> Required action: From the line that has "Ciucă, despre imaginile" down to the last line of the data below, set down every line exactly, but none of the pictures.

> Collected data:
--- START ---

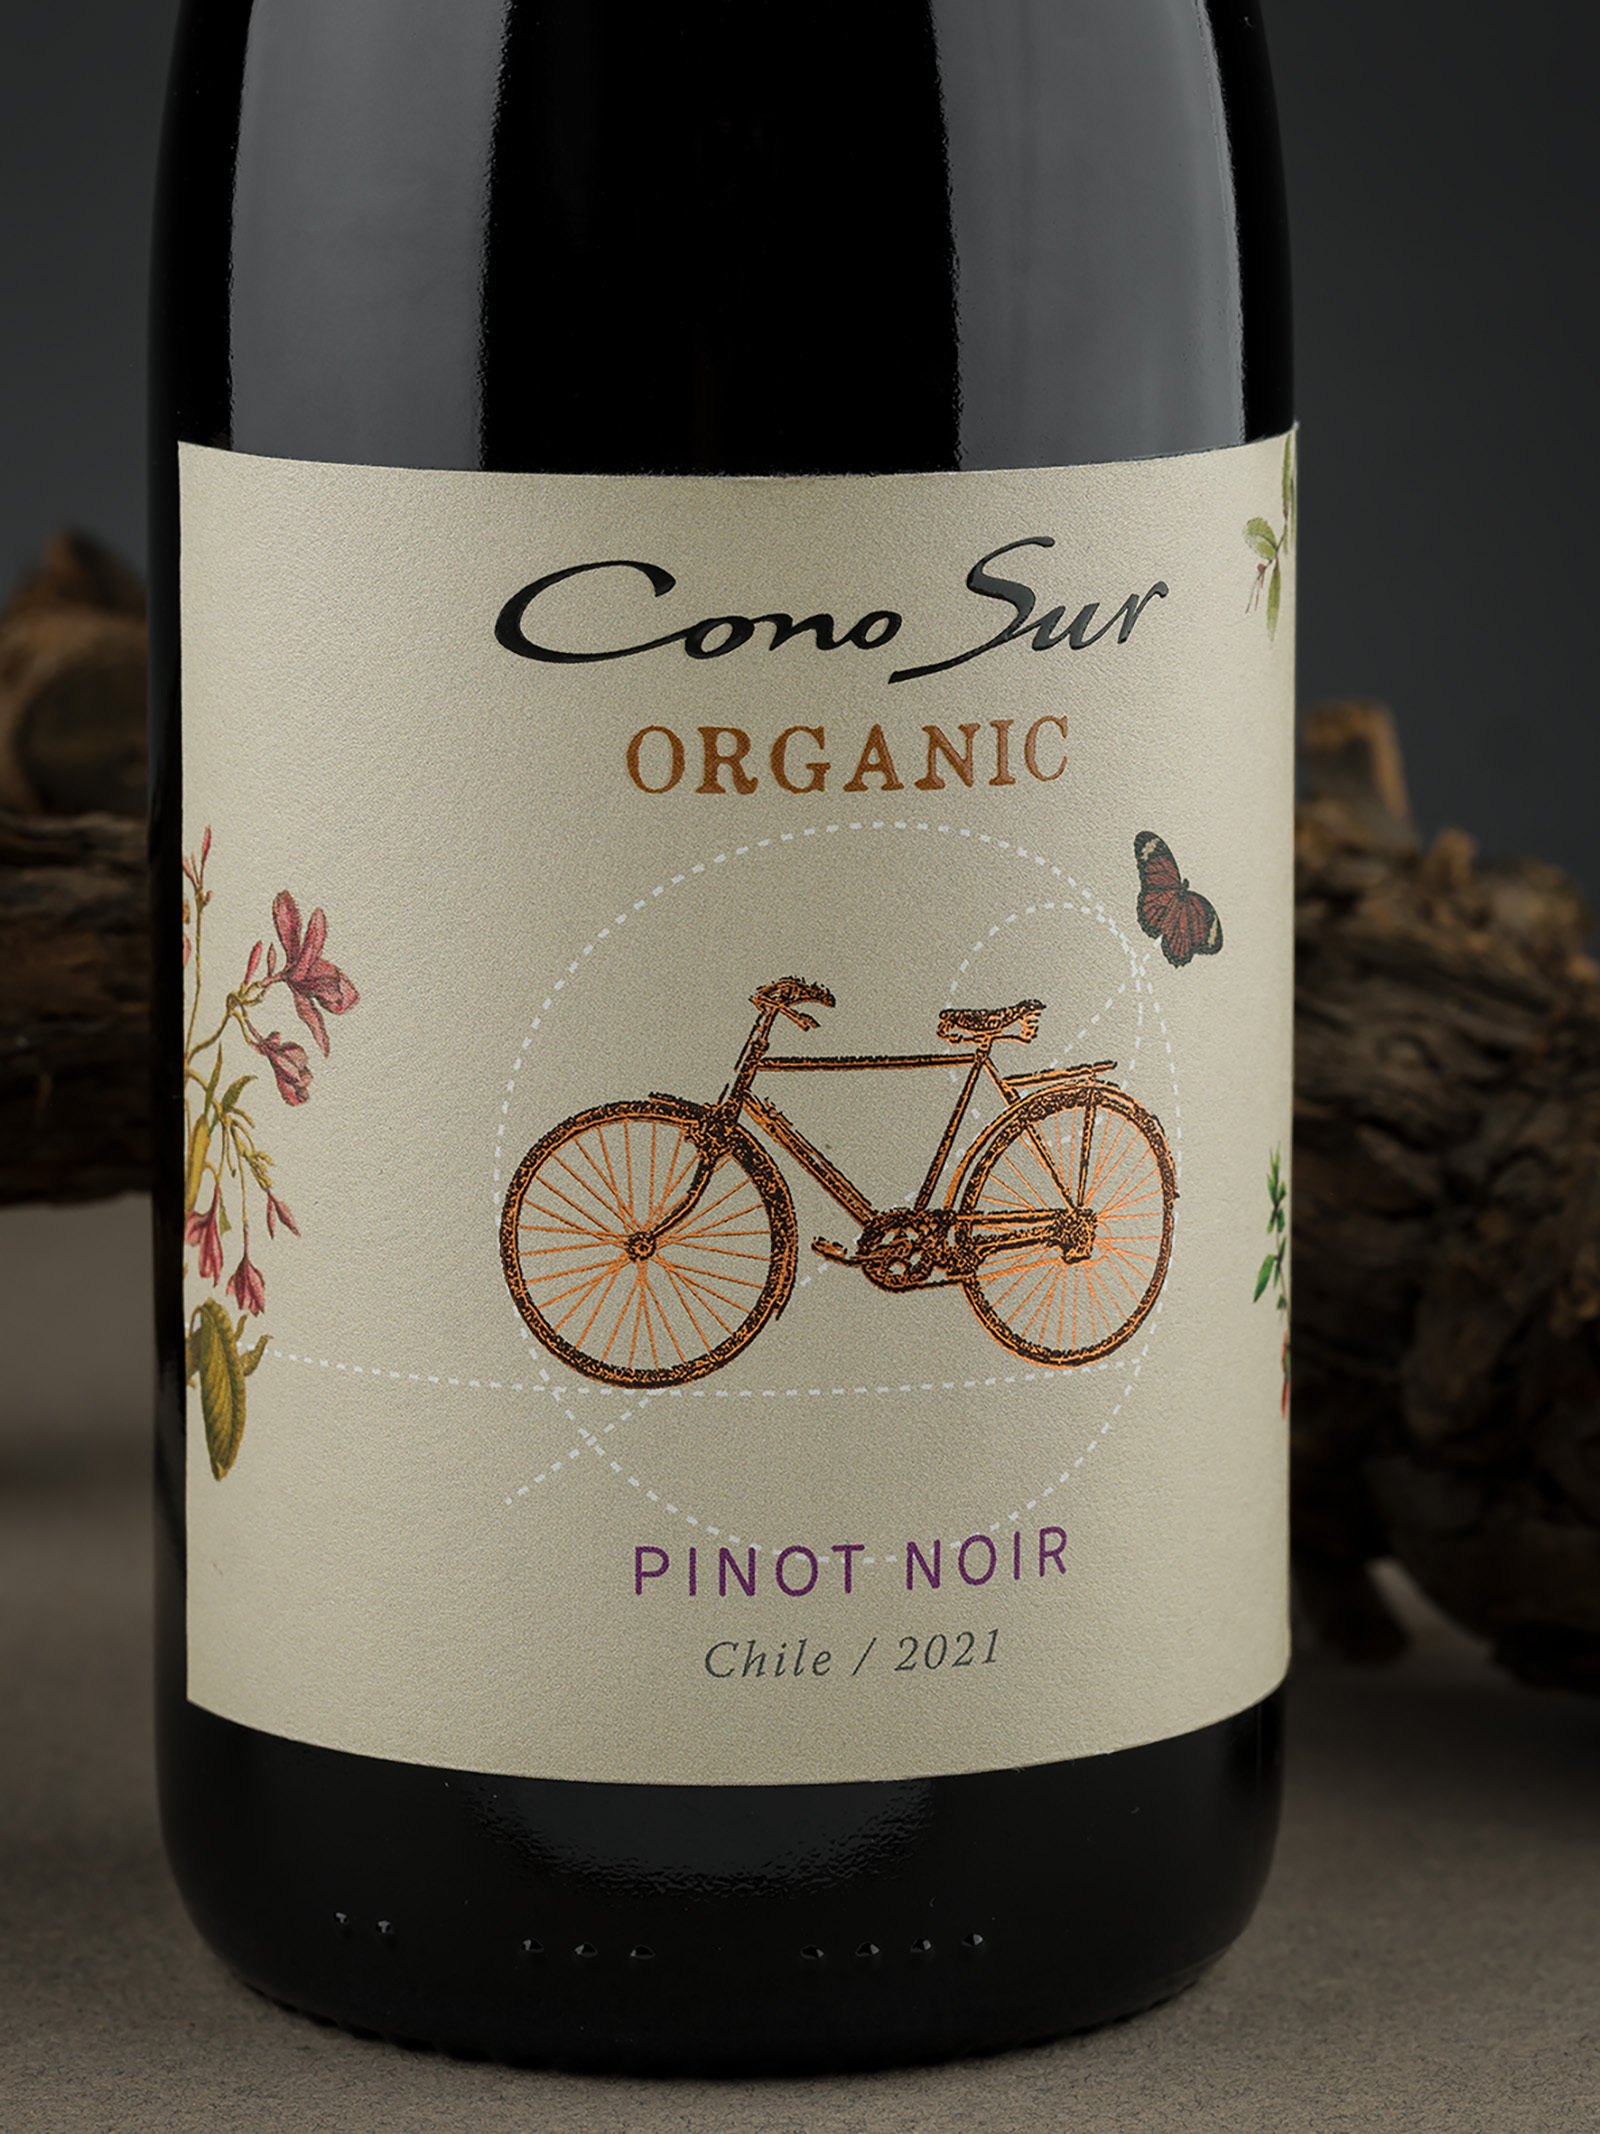 Wine Label Design for Cono Sur Organic
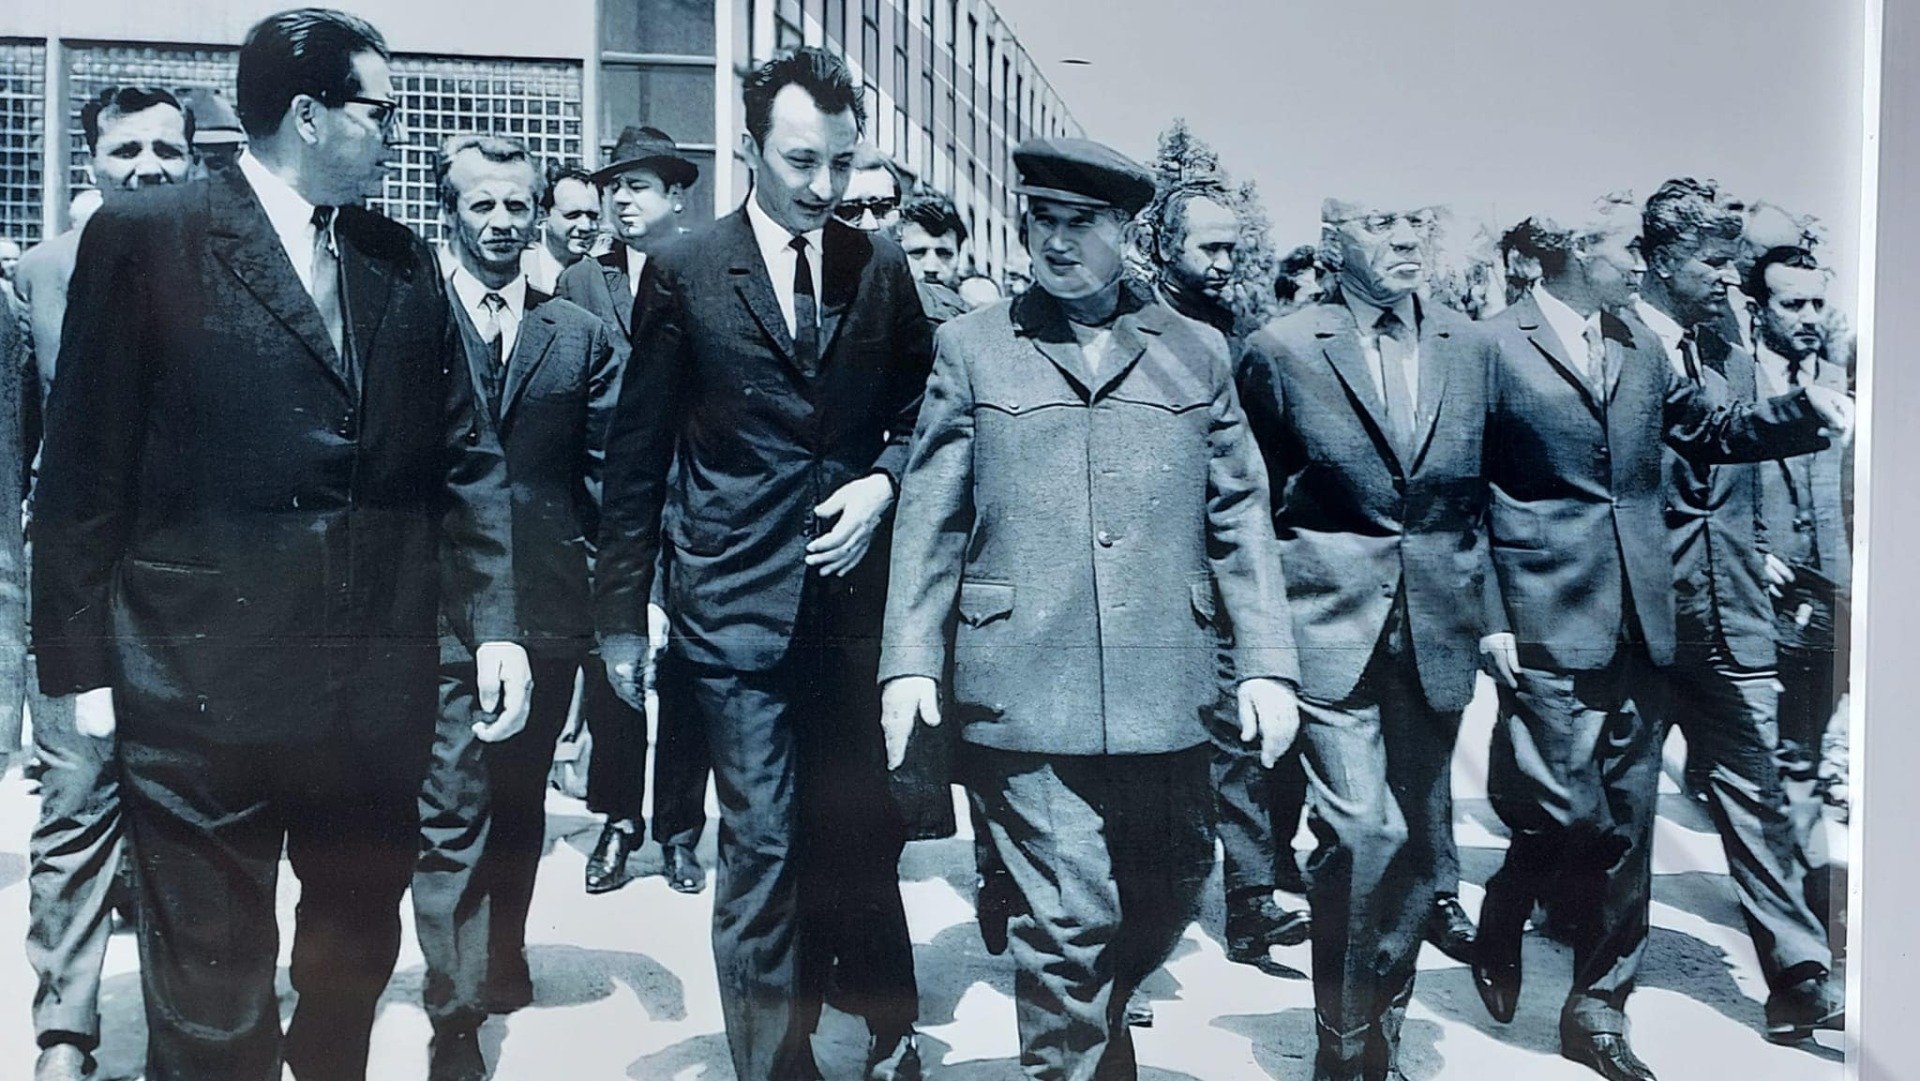  Ciucă, despre imaginile cu Ceauşescu la Buzău: E clar că nu trebuie să avem poze cu dictatori prezentate public
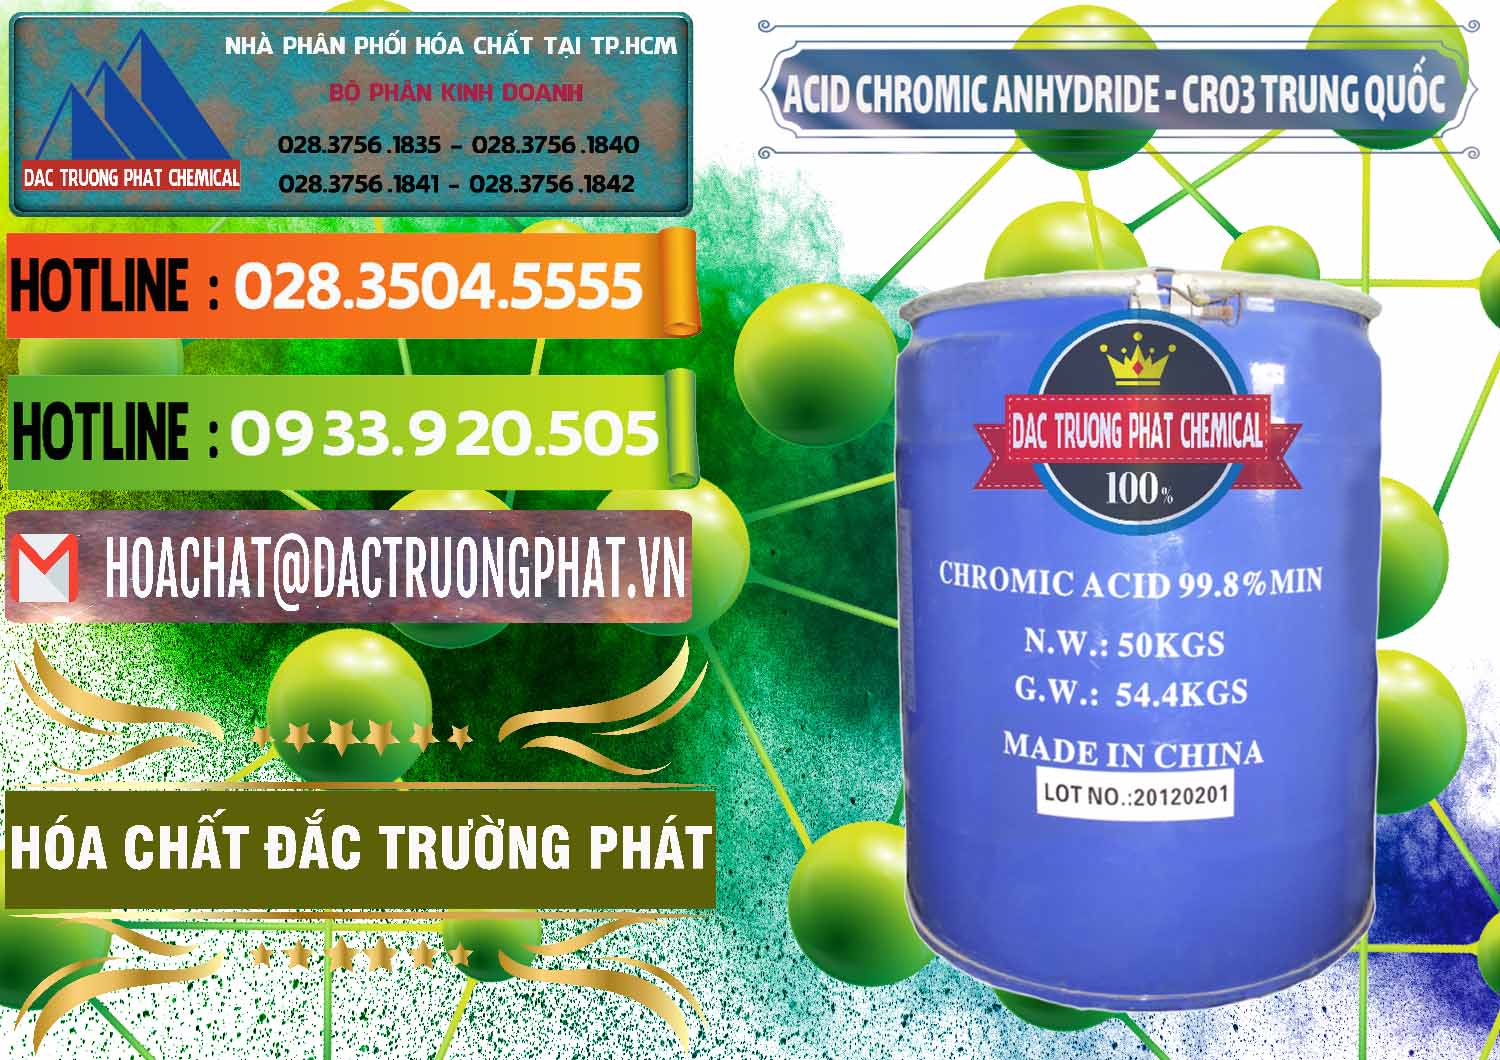 Bán _ cung ứng Acid Chromic Anhydride - Cromic CRO3 Trung Quốc China - 0007 - Cty cung cấp & phân phối hóa chất tại TP.HCM - cungcaphoachat.com.vn

--- END ---

> Answer to this task:
  Ciucă, despre imaginile cu Ceauşescu la Buzău: E clar că nu trebuie să avem poze cu dictatori prezentate public
 Bán _ cung ứng Acid Chromic Anhydride - Cromic CRO3 Trung Quốc China - 0007 - Cty cung cấp & phân phối hóa chất tại TP.HCM - cungcaphoachat.com.vn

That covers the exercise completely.